Fueling the eastward migration is a generation-defining shortage of jobs. The 2008–09 financial crisis, coupled with the euro debt crisis, has hit people in Europe and North America hard. Recent college graduates and young people entering the workforce for the first time are particularly at risk. According to the International Labor Organization (ILO), there are 75 million people between the ages of 15 and 24 struggling to find work, particularly in developed economies and Europe. The European Union youth unemployment rates span from 22% in the U.K. to more than half of 15-to-24-year-olds in Spain and Greece. Last year, more than half of Americans under 25 who hold a bachelor’s degree were jobless or underemployed — the highest in more than a decade, according to an analysis of U.S. data by the Associated Press. And while governments struggle to curb the jobs crisis amid budget deficits and austerity measures, East Asia is booming.

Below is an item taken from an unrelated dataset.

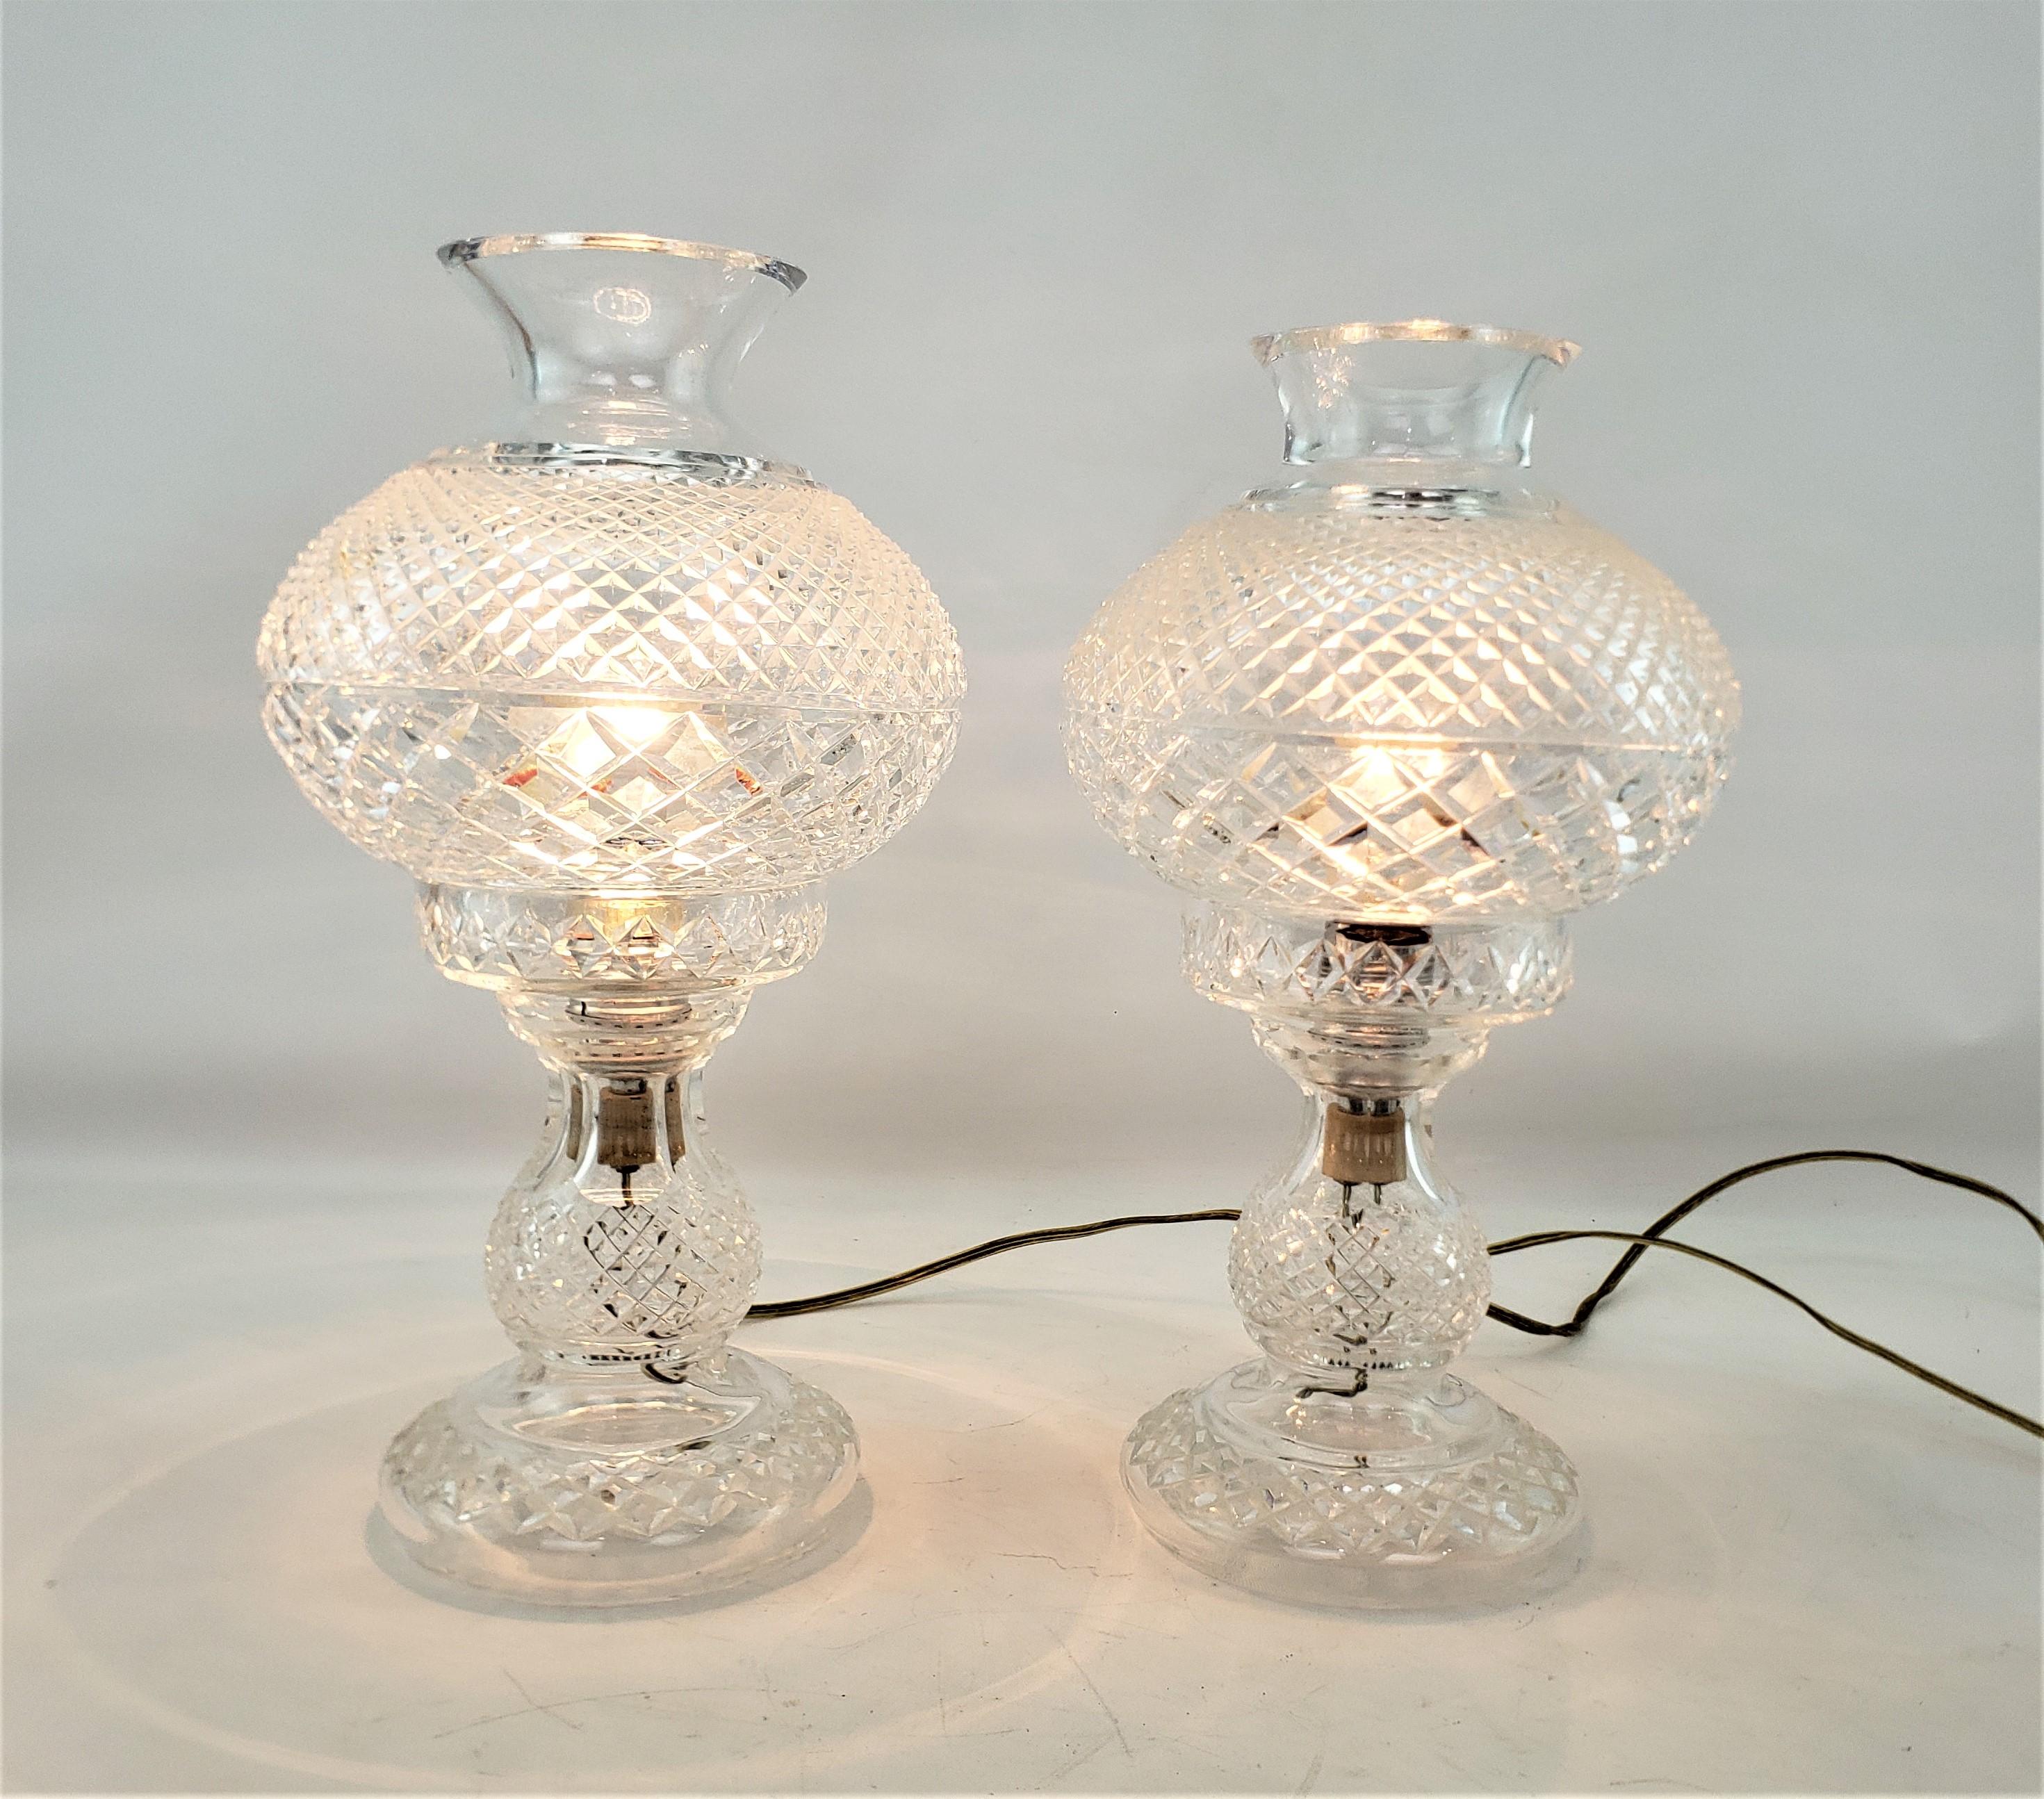 Cette paire de lampes anciennes a été fabriquée par la célèbre société irlandaise Waterford vers 1920 et a été réalisée dans un style d'époque. Les lampes sont composées de cristal taillé avec un motif de diamant sur l'abat-jour et la base. Ces
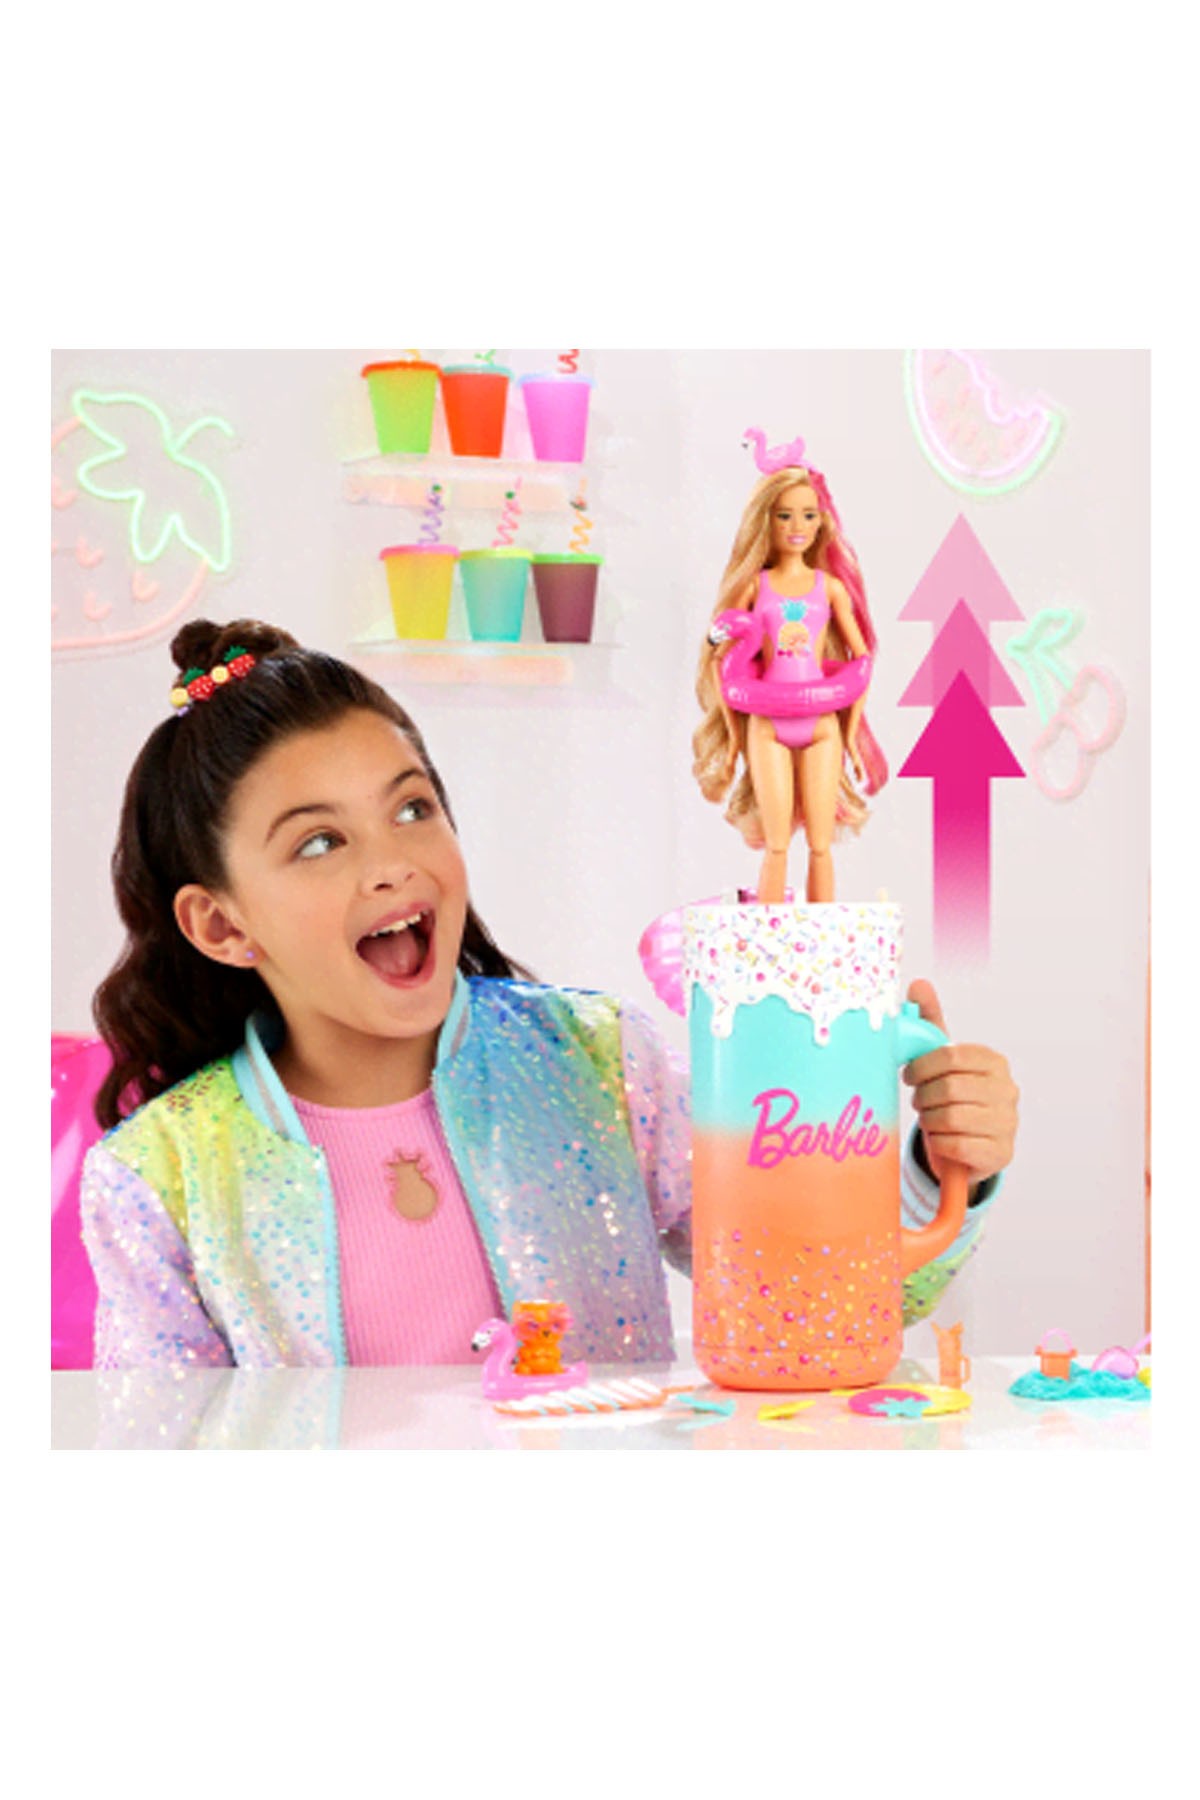 Barbie Pop Reveal Sürprizli Bardak Oyun Seti HRK57

Though some East Asian nations still struggle with youth unemployment, the region is doing relatively well. According to the ILO, East Asia’s jobless-youth rate hovered at about 8.3% in 2010 and is projected to hold steady over the next few years. This has led to an influx of young people [from the West]. In Hong Kong...the government reported an average increase of 26% in issuing temporary work visas to residents of the U.S., U.K., Germany, Spain, Italy and France from 2007 to ’11.
Meanwhile, as we wait for the global tertiary system of education to become more alike the German apprenticeship system instead of the Anglo-Saxon uni-jobless system, there are stopgap measures. Flee America, the land of no opportunity, and head east young Yank, head east.